A demand function is defined as $q(p) = \dfrac{1}{p}$. The current price is $p=0.05$, with demand equal to $q(0.05) = 20$. What happens approximately with demand if the price is increased to $p=0.06$? And what if the price is decreased to $p=0.045$?

We solve this problem by the use of the property of the derivative
$$\Delta q = q(p +\Delta p) - q(p) \approx q'(p) \Delta p.$$
We need $q'(0.05)$:
$$
\begin{align}
q(p) &= \dfrac{1}{p} = p^{-1}\\
q'(p) &= -1 \cdot p^{-1-1} = -p^{-2} = \dfrac{-1}{p^2}\\
q'(0.05) &= \dfrac{-1}{(0.05)^2} = -400.
\end{align}
$$

If we increase the price to $p=0.06$, then $\Delta p = 0.06 - 0.05 = 0.01$. It holds that:
$$ \Delta q \approx q'(0.05) \cdot \Delta p = -400 \cdot 0.01 = -4.$$
Demand decreases by approximately 4 if the price increases by 0.01.

If we decrease the price to $p=0.045$, then $\Delta p = 0.045 - 0.05 = -0.005$. It holds that:
$$ \Delta q \approx q'(0.05) \cdot \Delta p = -400 \cdot -0.005 =2.$$
Demand increases by approximately 2 if the price decreases by 0.005.

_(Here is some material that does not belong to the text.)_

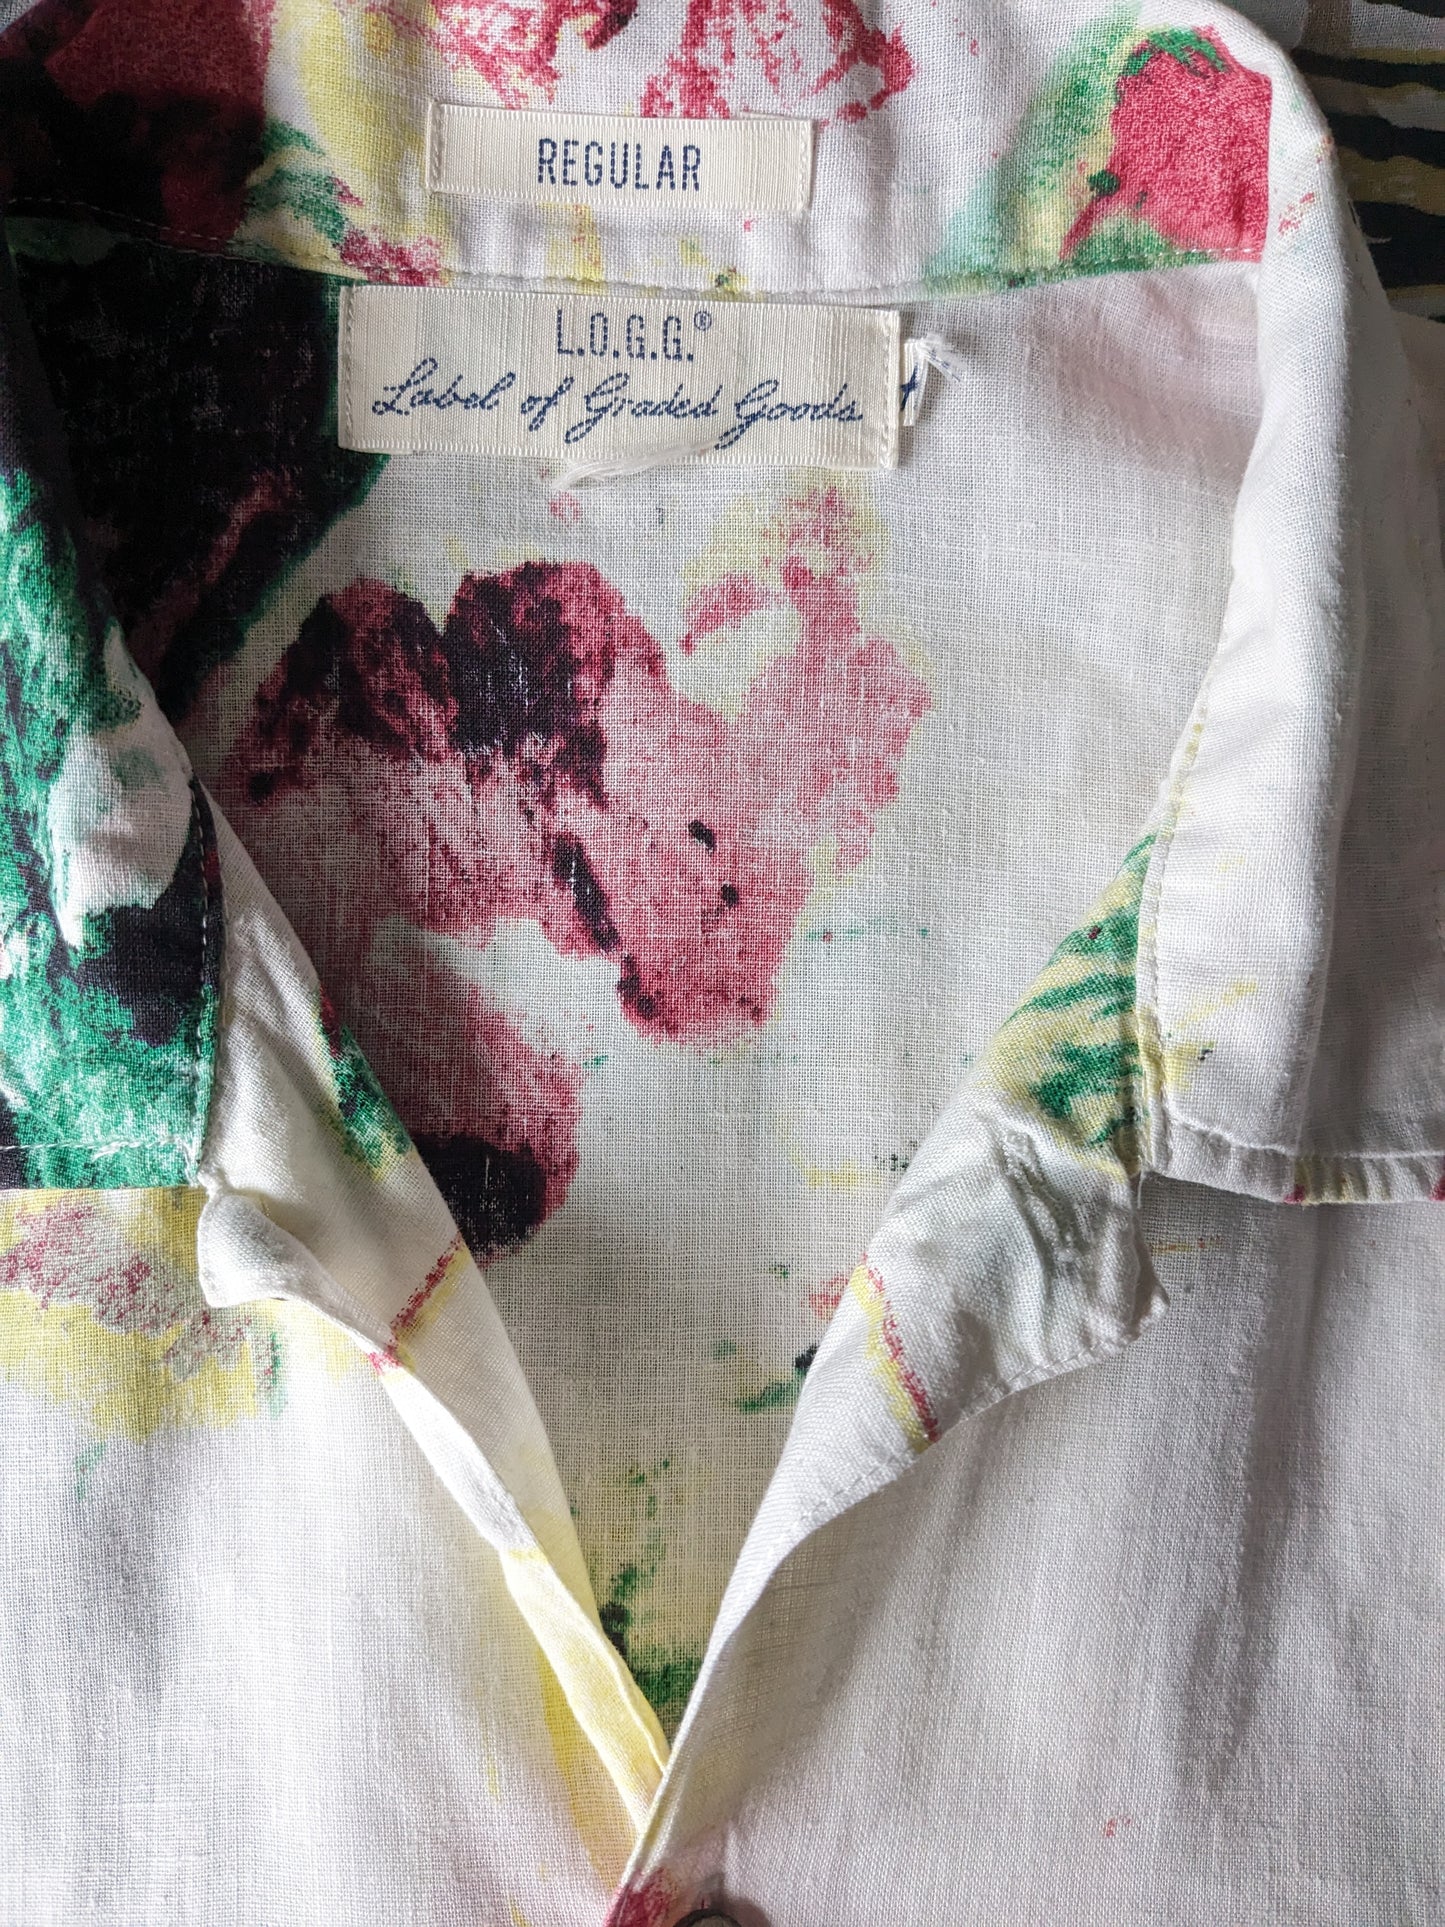 H & M Logg Print Shirt Kurzarm. Beige rot gelbgrüne Blüten drucken. Größe L. Regelmäßige Passform.
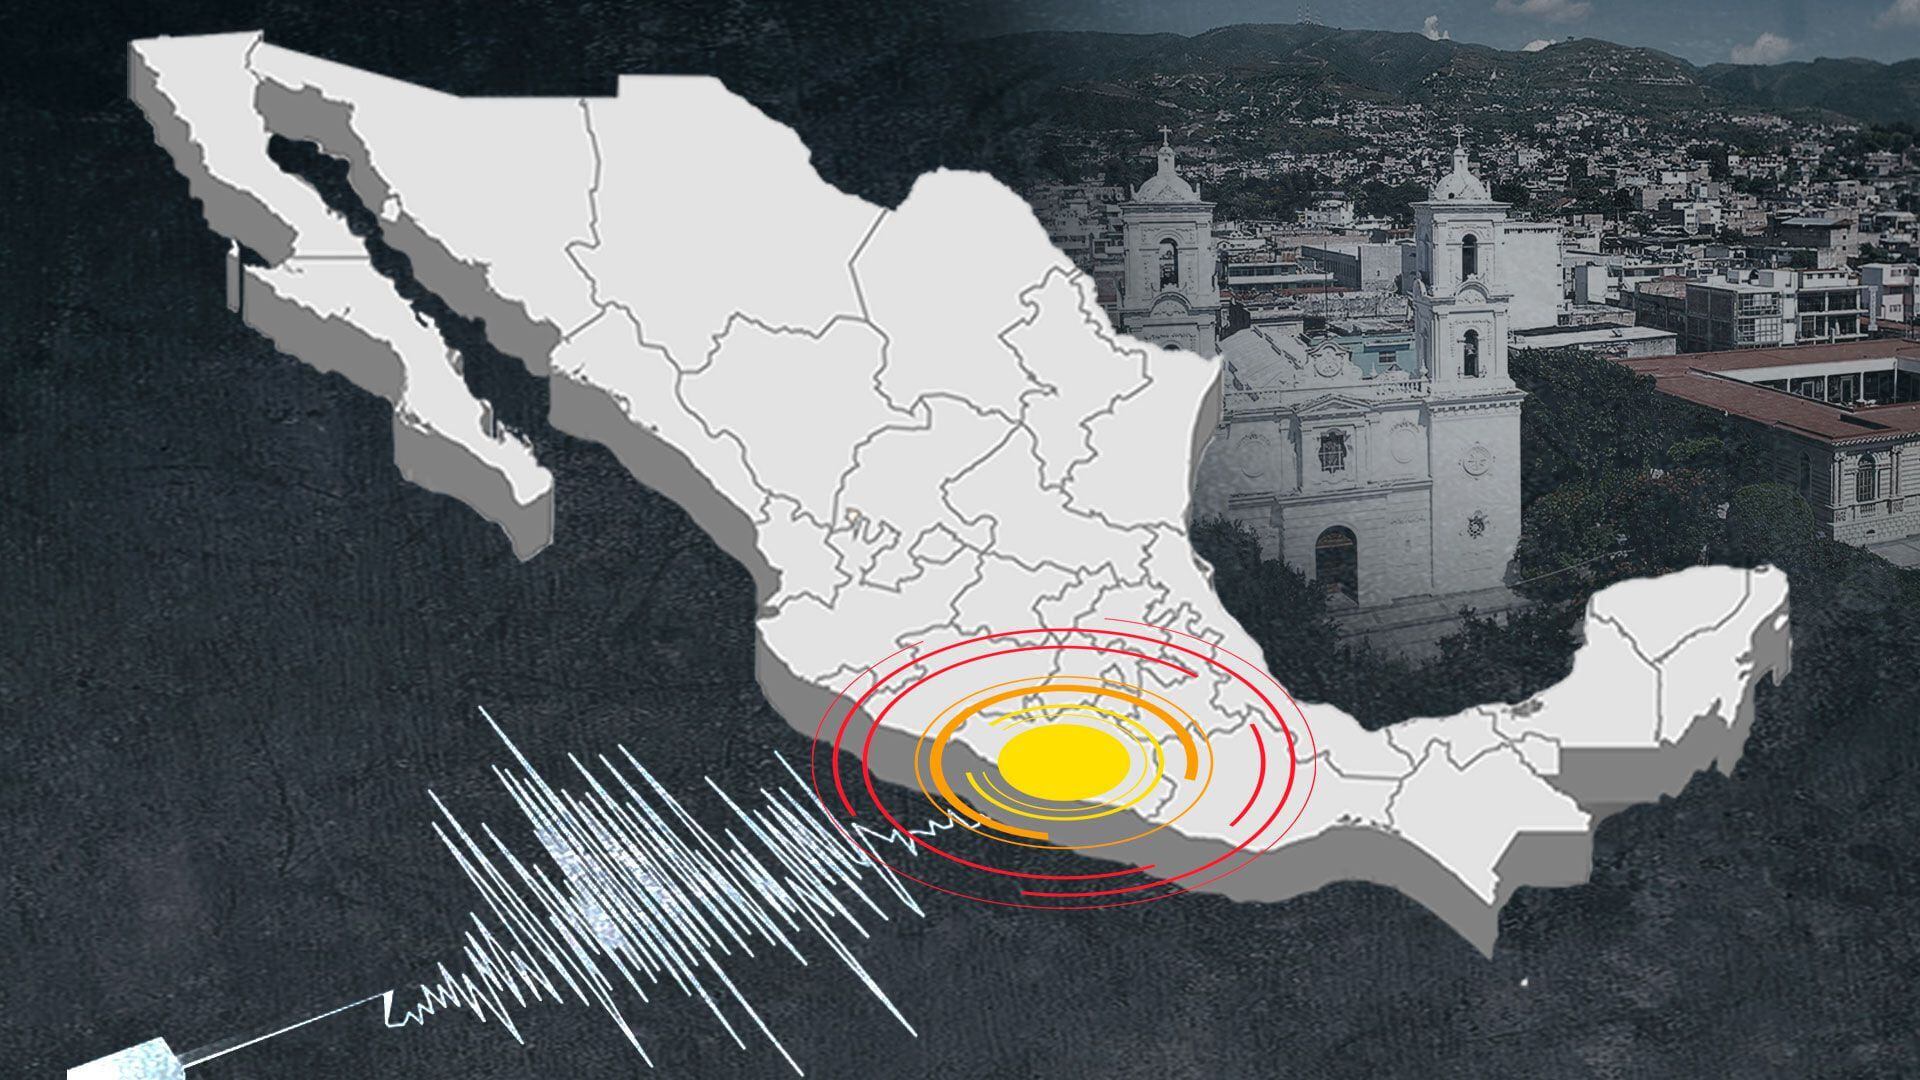 La información preliminar señala que el temblor tuvo epicentro en Huixtla. (Infobae)

Of course we can determine the change in $q$ also exactly in this easy example:
$$\begin{align}
q(0.05) &= \dfrac{1}{0.05}=20\\
q(0.06) &= \dfrac{1}{0.06} = 16\tfrac{2}{3}\\
q(0.045) &= \dfrac{1}{0.045} = 22\tfrac{2}{9}
\end{align}$$
If the price increases by $0.01$, then demand decreases by $20-16\tfrac{2}{3} = 3\tfrac{1}{3}$ and if the price decreases by $0.005$, then demand increases by $22\tfrac{2}{9} - 20 = 2\tfrac{2}{9}$.